In Miller v. Brown, the Fourth Circuit in an opinion by District Judge Goodwin reversed the District Court's dismissal for lack of standing and lack of ripeness in the case challenging Virginia's open primary statute, Va. Code § 24.2-530, which says simply: " All persons qualified to vote, pursuant to §§ 24.2-400 through 24.2-403, may vote at the primary. No person shall vote for the candidates of more than one party."
The plaintiffs sent some kind of notice to the State Board of Elections about how they want their primary in 2007, then filed suit to challenge the statute. The Court agreed that 2007 is not so far away as to make the case non-justiciable: "Knowing that voters wholly unaffiliated with the plaintiffs’ party will participate in their primary dramatically changes the plaintiffs’ decisions about campaign financing, messages to stress, and candidates to recruit.

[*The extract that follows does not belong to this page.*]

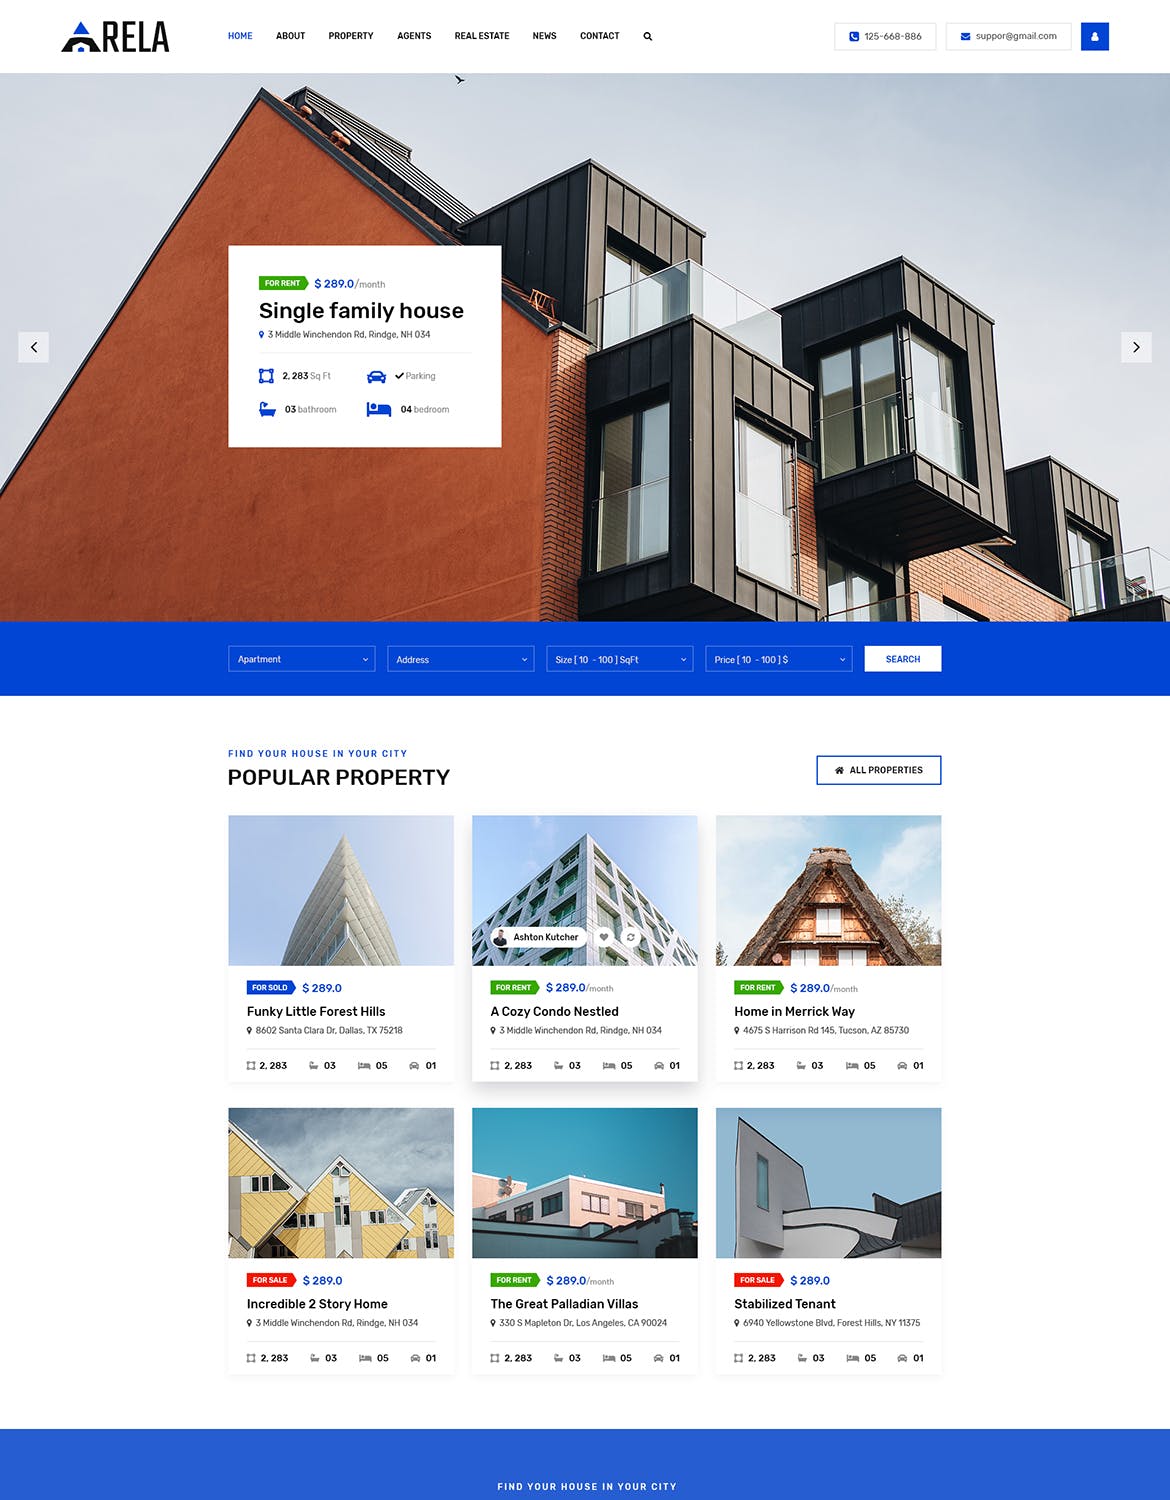 房地产经销商城网站设计PSD模板 Arela | Real Estate PSD Template插图(1)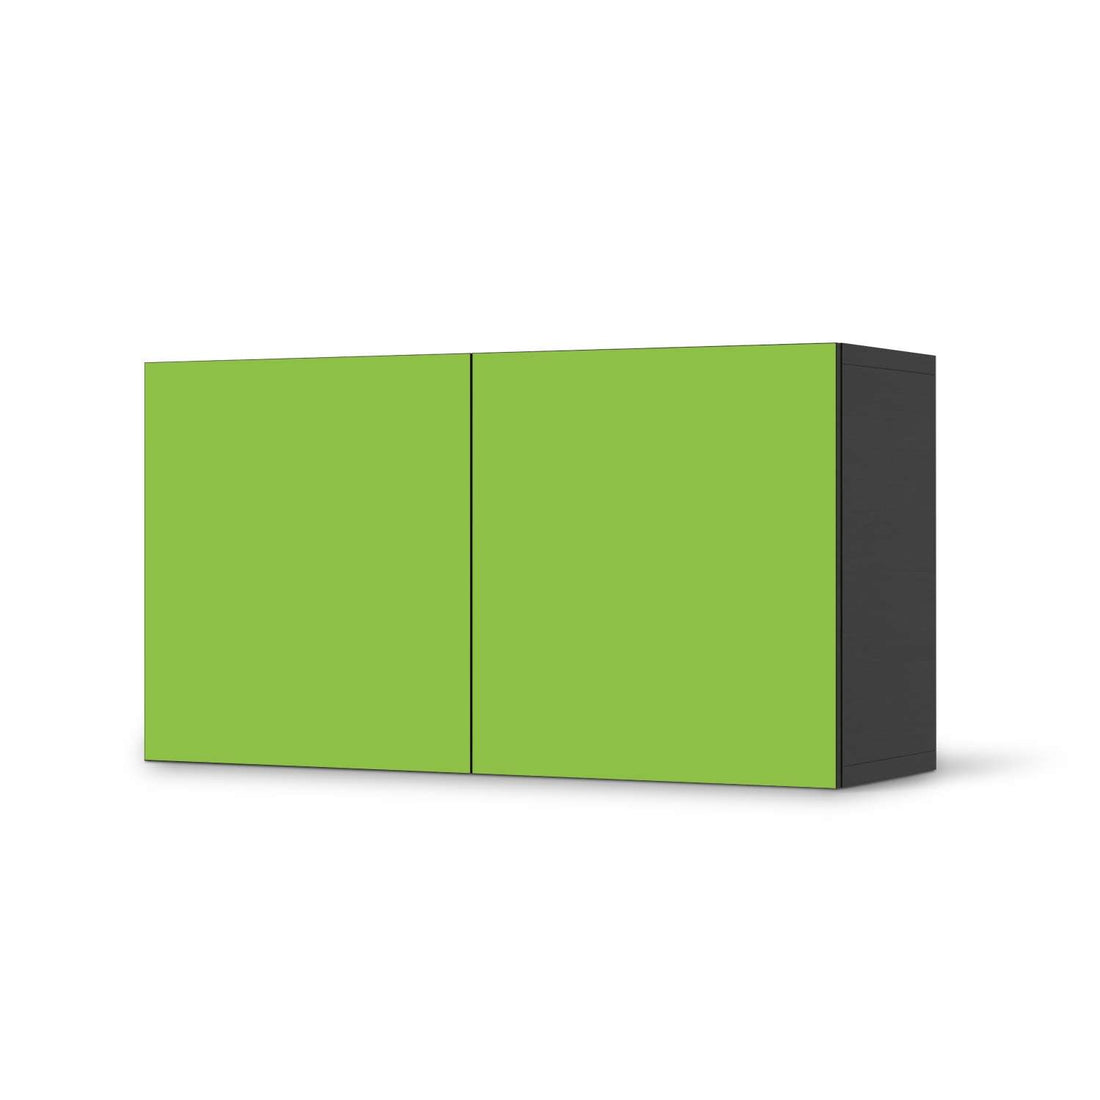 Folie für Möbel Hellgrün Dark - IKEA Besta Regal Quer 2 Türen - schwarz

Because campaign planning decisions have to be made months, or even years, in advance of the election to be effective, the plaintiffs’ alleged injuries are actual and threatened."
For reasons I've forgotten, the Jaded JD is the expert on this case, knows it inside and out, predicted the outcome of the appeal, and has this preliminary post on what the appeals court decision does not mean.
One thing that occurred me just now, as I was writing a note to the Jaded JD, is that if the case is appealed again, normally the same panel would get the case, but would that be true with a District Judge on the panel? I don't know the answer. Judge Goodwin certainly is able to articulate the plaintiff's arguments, whether or not he agrees with them.